Despite the considerable problems inherent in the present formal definition of the ampere, the unit can be measured with uncertainties low enough for almost every present purpose except the most highly advanced research. Doing so, however, typically means sidestepping the existing SI definition altogether.

Fortunately, physics provides a handy alternative method in the form of Ohm’s law, formulated by German scientist Georg Ohm in 1827. It describes the proportional relationship among three closely associated electrical units: the ampere, the volt and the ohm.

If these units are unfamiliar, it can be helpful to think of them as if they were aspects of a water system. Amperes correspond to the volume of water coming out of a pipe, volts to the water pressure, and ohms to the diameter of the pipe, which determines its resistance to flow.

Electric current is expressed in one of the simplest and most useful equations in science: I = V/R, where I is the current, V is the voltage and R is the resistance. (I, as a symbol for current, derives from the French phrase *intensité de courant*, or current intensity.)

So, using Ohm’s law, if the voltage and resistance in a circuit are known, then the current can be determined using the formula.

Of course, this appears to be doing things completely backwards. After all, in the SI, the seven base units, including the ampere, are meant to be used, in various mathematical combinations, to define 22 derived units―including the volt and the ohm.

Yet, as a practical matter, the derived volt and ohm are used to measure the underlying ampere.

There is an excellent reason for that: Both the volt and the ohm are known with far greater accuracy than the ampere. That’s because their values are based on constants derived from fundamental effects in the realm of quantum physics. As a result, the volt can be realized to an uncertainty of around 6 parts in a billion, and the ohm to 2 parts in 10 billion.

But there’s a catch. Ohm’s law doesn’t quite have the footing of, say, Newton’s laws of motion. That is, I = V/R can’t be deduced from other laws of physics. Instead, it represents the seemingly unvarying relationship among the three electrical quantities as measured by various techniques around the world during the past two centuries. (That sort of formula is called an “empirical” law because it is based entirely on observational evidence.) To date, it appears that Ohm’s law successfully describes measurements made with uncertainties in the range of parts per ten million. According to one report, it still holds in nanowires one atom tall and four atoms wide.
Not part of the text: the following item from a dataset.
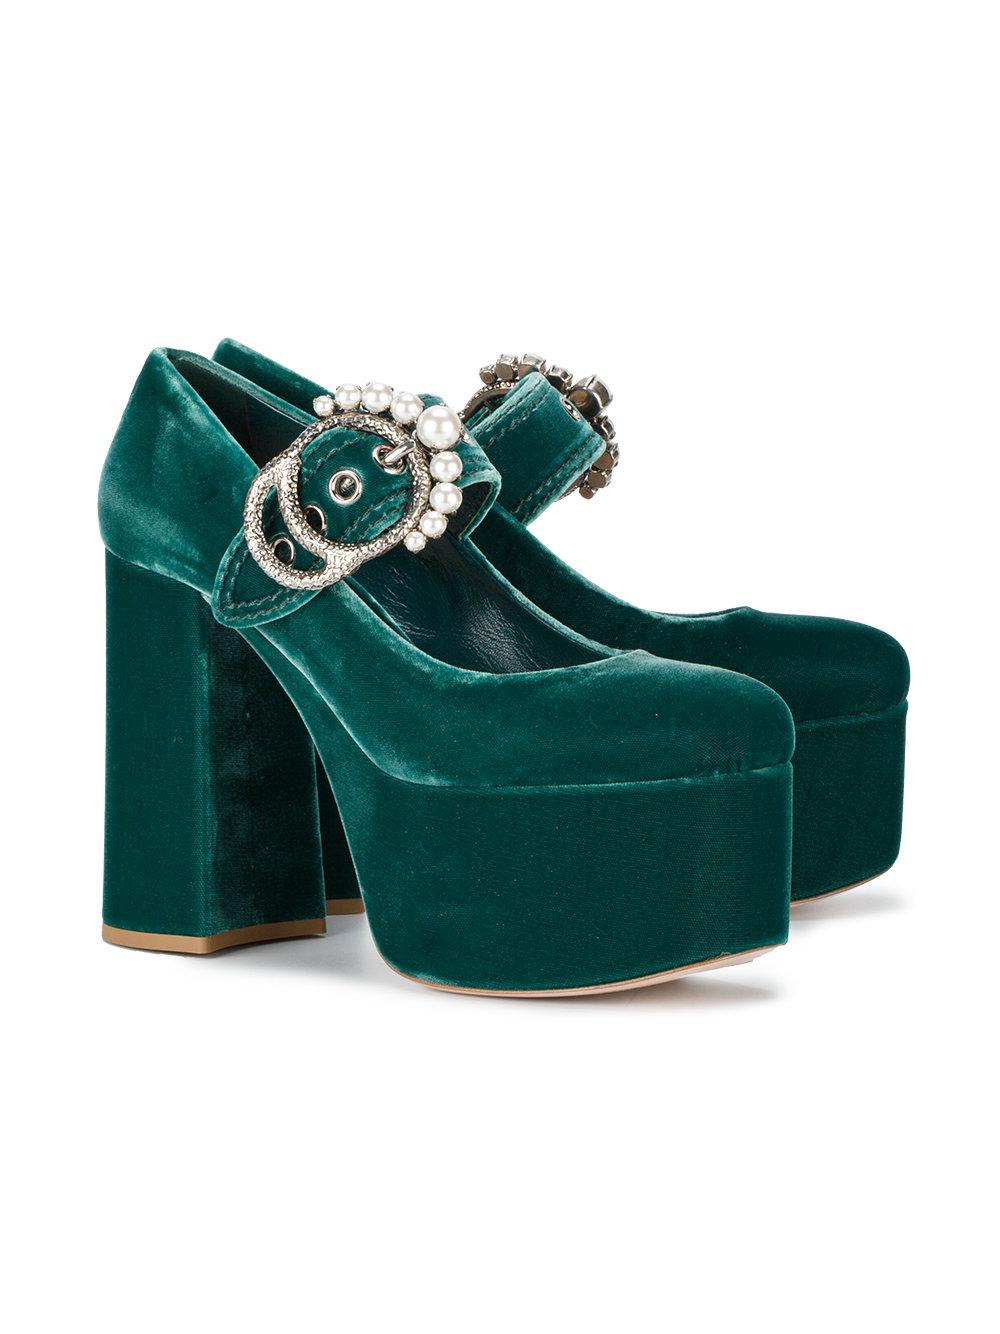 green velvet mary jane shoes

So far, so good. But modern metrology will require ever lower uncertainties. Moreover, one longstanding goal of research on electrical units is to find out whether Ohm’s law continues to work all the way down to the quantum-mechanical scale of atoms and even smaller objects.

That’s not fully feasible at present. But the redefinition of the ampere based on the elementary charge will eventually make it possible to test Ohm’s law at the smallest dimensions in a relationship called the “Quantum Metrology Triangle.”